Sight hateful, sight tormenting! Thus these two Imparadised in one another’s arms
The happier Eden, shall enjoy their fill Of bliss on bliss, while I to hell am thrust, Where neither joy nor love, but fierce desire, Among our other torments not the least, Still unfulfilled with pain of longing pines.
(Milton 1975:99) His curse on the couple still haunts us:
…Live while ye may,
Yet happy pair; enjoy, till I return,
Short pleasures, for long woes are to succeed.
(Milton 1975:100) Therefore we fear the evil eye when we believe we are once more
‘imparadised’.
When we claim to be one of the ‘happy pair’ we rid ourselves by projection of that aspect of ourselves which is forever ‘unfulfilled with pain of longing’, and with it we project our potential for envy and jealousy.
Having done so, we fear the envy of others, become anxious with success and prone to placation by sacrifice or renunciation. Clinically, this is familiar and frequent in analysis in various intensities, and in various forms of negative therapeutic reaction we pay a sacrificial price for our good fortune.You will have noticed that I described this as happening when we claim to be one of the happy pair, that is, not just one of a happy pair but one of the happy pair, one of the primal couple. We can never be the participants in our own phantasised primal scene; nor can we ever occupy a place in that ‘other room’ where our objects meet in our absence. If we
claim to have a place in our own imagined primal scene—to be one or the other, or both, members of the primal couple—we do so by projective identification, thus creating an illusion designed to protect us from the jealousy and envy intrinsic to the Oedipus situation. By becoming one of a parental couple we do not become one of our own parents; nor by sharing a nuptial bed do we become participants in what is forever the primal scene of our internal parents. Similarly, by becoming analysts we do not finally become the analyst of our own transference phantasies. If, as is not uncommon, this illusion is buttressed by actual success, then I think the real achievement is felt to be stolen property or false goods, and therefore the occasion of depressive guilt, manic assertiveness or persecutory anxiety.
Clinically, this seems to me prone to occur where the primal scene has remained idealised, where the parental relationship, rather than the infantile relationship itself, has been seen by the child as the ultimate source of happiness or triumphant success. In some cases this results in an idealisation of marriage and everything thought to be ‘adult’ in life; in others it gives rise to what might be called complacent coupling; in yet others it leads to a sense of permanent grievance that the individual has not simply suffered a deprivation in life but been deprived of a birthright.

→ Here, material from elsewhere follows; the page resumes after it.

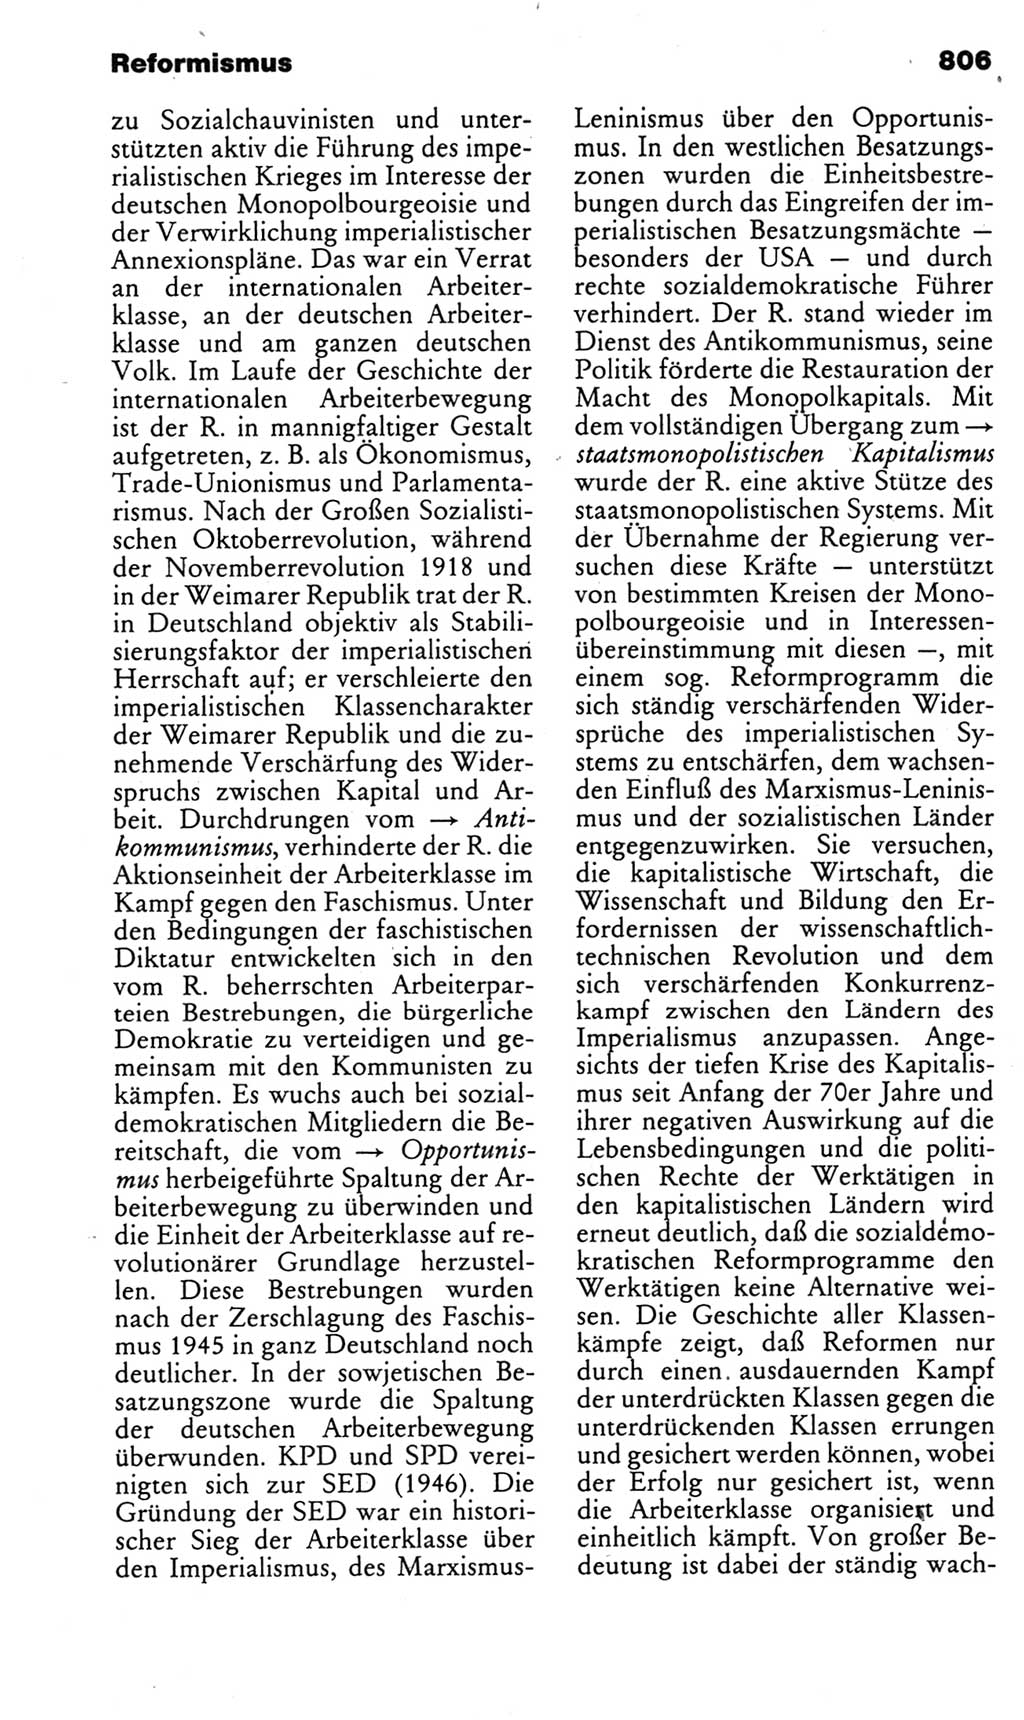 Kleines politisches Wörterbuch [Deutsche Demokratische Republik (DDR)] 1985, Seite 806 (Kl. pol. Wb. DDR 1985, S. 806)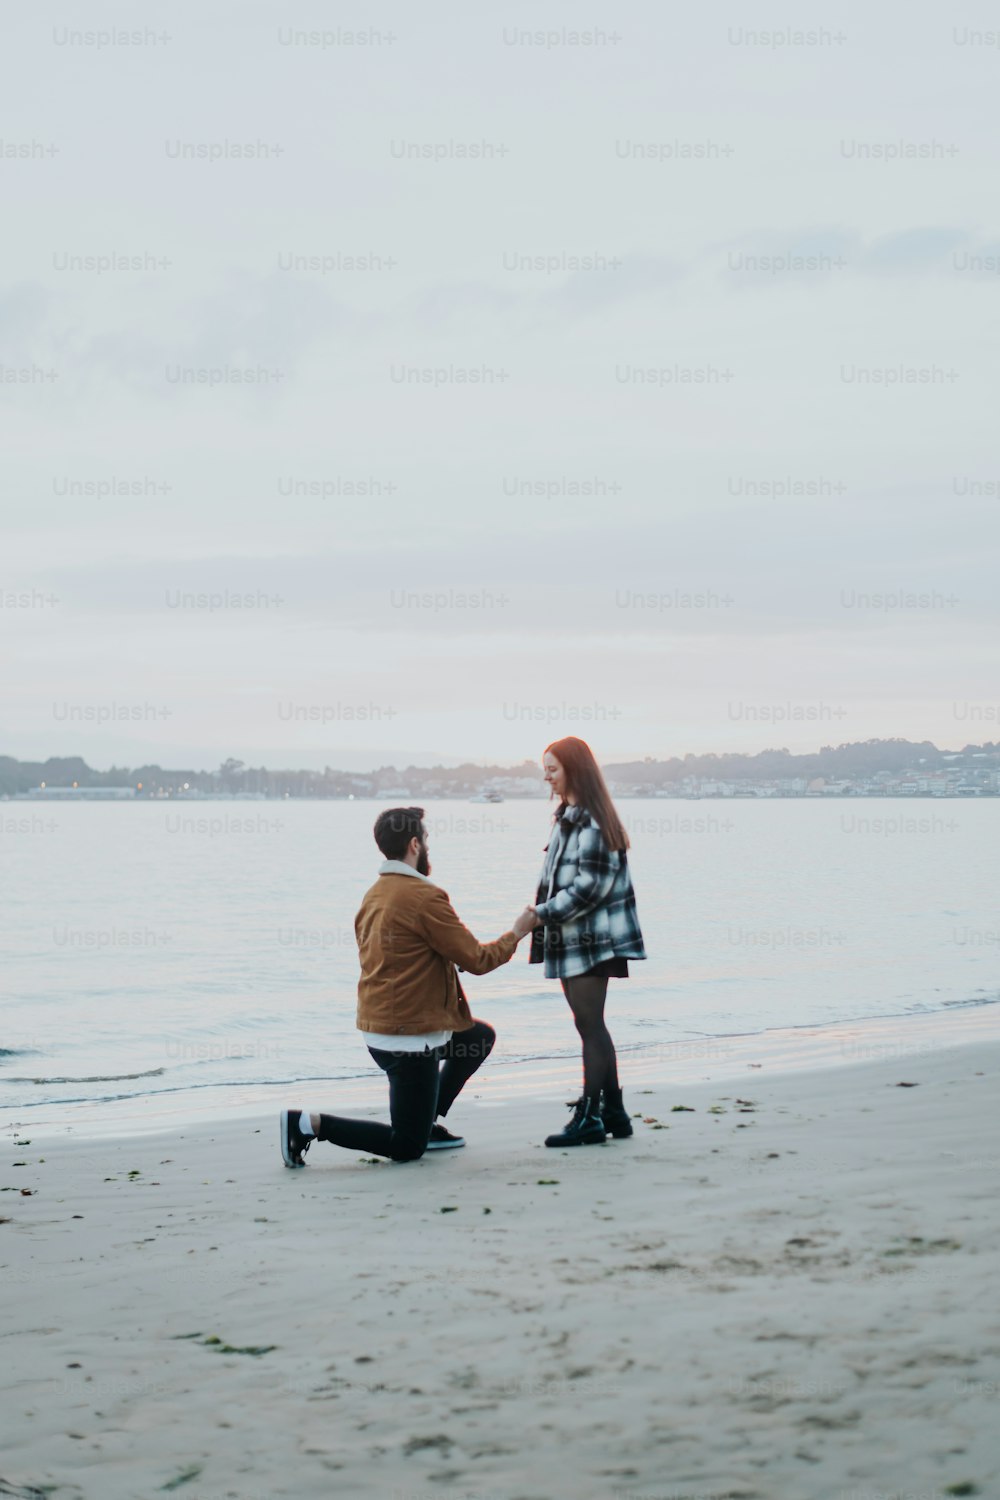 Un hombre arrodillado junto a una mujer en una playa

Sometimes the idealised parental sexuality is claimed for the self by projective identification with one or other of the primal couple. This last use of the primal scene, I think, gives rise to hysteria, with its histrionic sexuality and erotisation of most of life’s transactions. I take the view that hysteria first described in analysis as arising from phantasised incestuous sexuality is based on projective identification with one or other member of the primal couple—in other words, the so-called classical Oedipus complex, in which incestuous sex with one parent and murder of the other are given effect by the usurpation, by phantasised projective identification, of one or other parent’s place in the primal scene. This gives substance to what is otherwise only a conscious or unconscious daydream; in other words, it is believed and therefore has real psychic consequences, such as guilt. It also imbues the afflicted individual’s sexual life with a dramatised quality arising from the fact that the individual is unconsciously playing a leading part in a theatrical performance scripted by him- or herself, based on his or her own phantasies of the primal scene. I would like to illustrate what I mean by describing a dream from the analysis of a patient who suffered from hysterical symptoms.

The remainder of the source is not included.